Friday, 14 August 2009

Galata Tower - Istanbul

The Galata Tower is one of Istanbul’s most famous landmarks, it dominates the landscape around Beyoğlu and the 10 Turkish lira entrance fee is well worth it as it offers breathtaking panoramic views of Istanbul. The Galata Tower is a nine storey building that is 66.9 meters tall and has walls that are 3.75 meters thick; there are two elevators that run to the top floor which contains a rather pricey restaurant. Once at the top you have to spend some time on the observation deck that runs around the tower. For the more adventurous it’s well worth walking back down the narrow stone stairs which snake their way around the building and offer some interesting peephole views both inside of and outside of the tower.

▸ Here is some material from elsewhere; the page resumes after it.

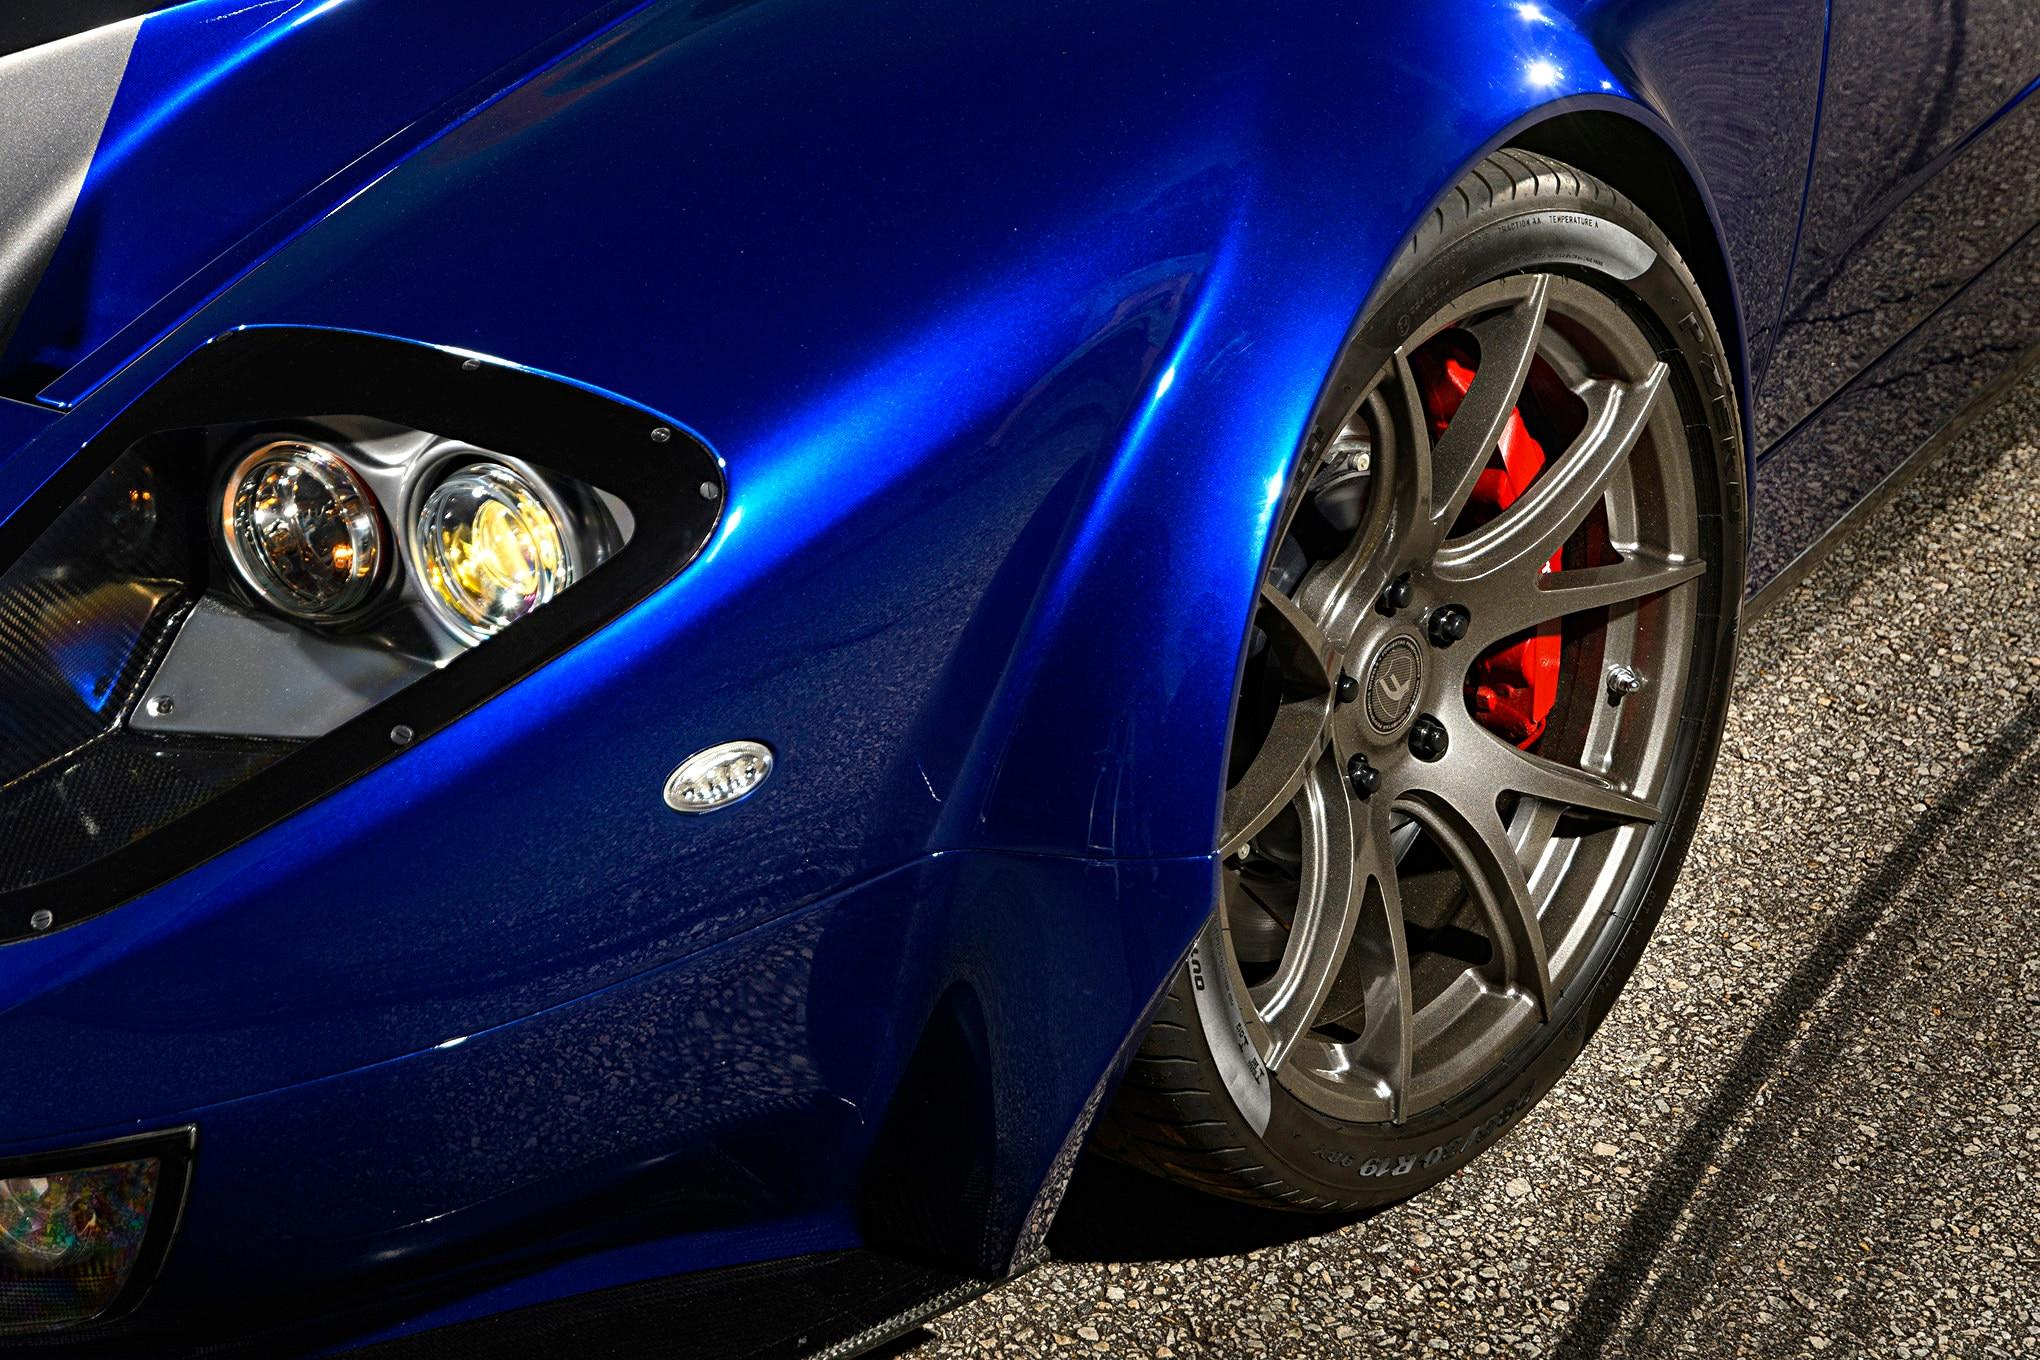 009-Superlite-GT-R-wheel.jpg

The Galata Tower was built by the Genoese in 1348 when this part of Istanbul was still a Genoese trading colony.
Originally it was called The Tower of Christ (Christea Turris) and was part of the fortifications protecting the Genoese citadel. The tower has had many uses over the years including being used as a prison, observatory, fire lookout and the launch point for the 17th century birdman Hezârfen Ahmed Çelebi who apparently achieved the first inter-continental flight (1630-1632) by jumping from the top of the tower wearing some artificial wings and gliding from the European side to the Asian side. Ironically in 1835 when the tower was being used as a fire lookout the Tower itself caught fire. The Tower was not completely restored until the 1960’s when it was commercialised and opened as a tourist attraction.